Diets were matched in kilocalories per day on the basis of IOM recommendations to support weight gain of 7–11.5 kg for overweight women and 5–9 kg for women with obesity (12). Weight was measured at each visit. The estimated energy requirement was revisited at 34 weeks’ gestation on the basis of weight gain (Supplementary Table 3).

Prepregnancy weight was self-reported and verified at the first-trimester prenatal visit. Perinatal outcomes were recorded from the electronic health record. Small for gestational age (≤10th percentile) and large for gestational age (≥90th percentile) conditions were calculated using local and international (19) standards; rates were identical using both methods.
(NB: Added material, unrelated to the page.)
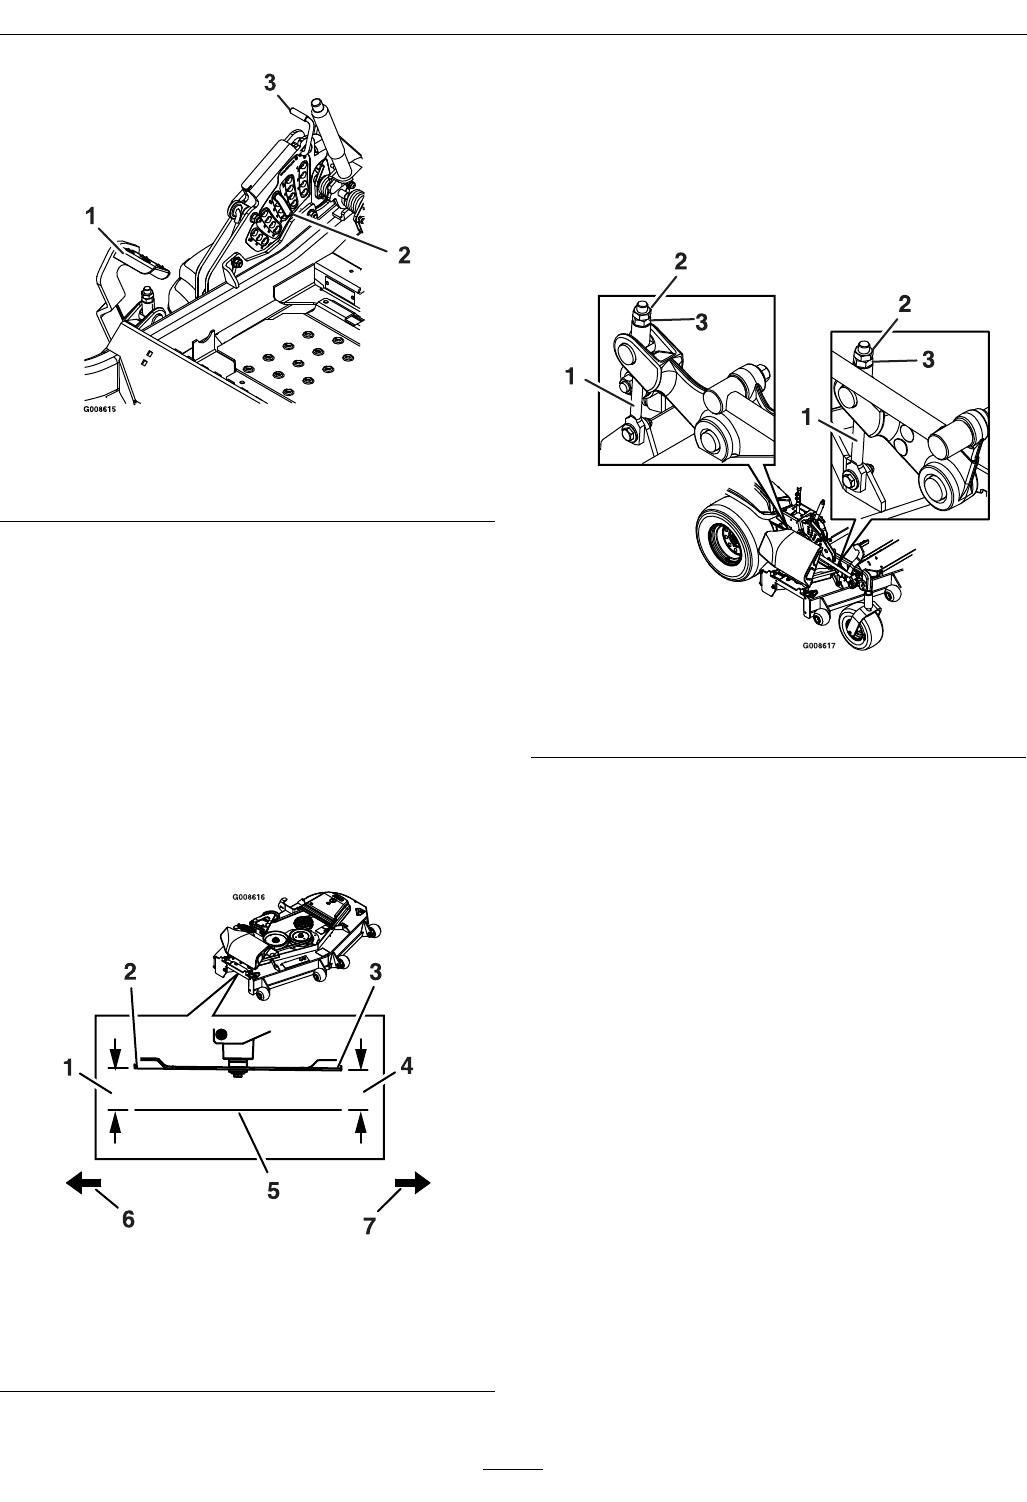 Exmark Lazer Z Mower 4500 507 Users Manual

Diet logs were collected and analyzed weekly (Nutrition Data System for Research, University of Minnesota, 2010) to assess adherence. Compliance was calculated by the percentage of provided meals consumed per day. Participants reported any meal deviation; >90% of meals provided were consumed, confirmed by record review.

On day 1 and at 36–37 weeks’ gestation, a fasting (8–10 h) blood sample was collected to measure hemoglobin A_1c (30–31 weeks’ gestation only) glucose, insulin, TG, and FFA levels. Each woman wore a blinded Dexcom G4 Platinum CGM (Dexcom, Inc.). Glucose variables were defined and data were collected, handled, and analyzed as we have published (20). Venous blood samples were obtained at −15, 0, then at 30, 60, 90, and 120 min after a 75-g glucose load for glucose and insulin. Total area under the curve (AUC) values for glucose and insulin were calculated by the trapezoidal method. Whole-body insulin sensitivity was calculated using the Matsuda Index (21,22) as was the liver IR index. Fasting IR was estimated by the HOMA-IR, calculated as (fasting insulin [mU/L] ⋅ fasting glucose [mmol/L])/22.5.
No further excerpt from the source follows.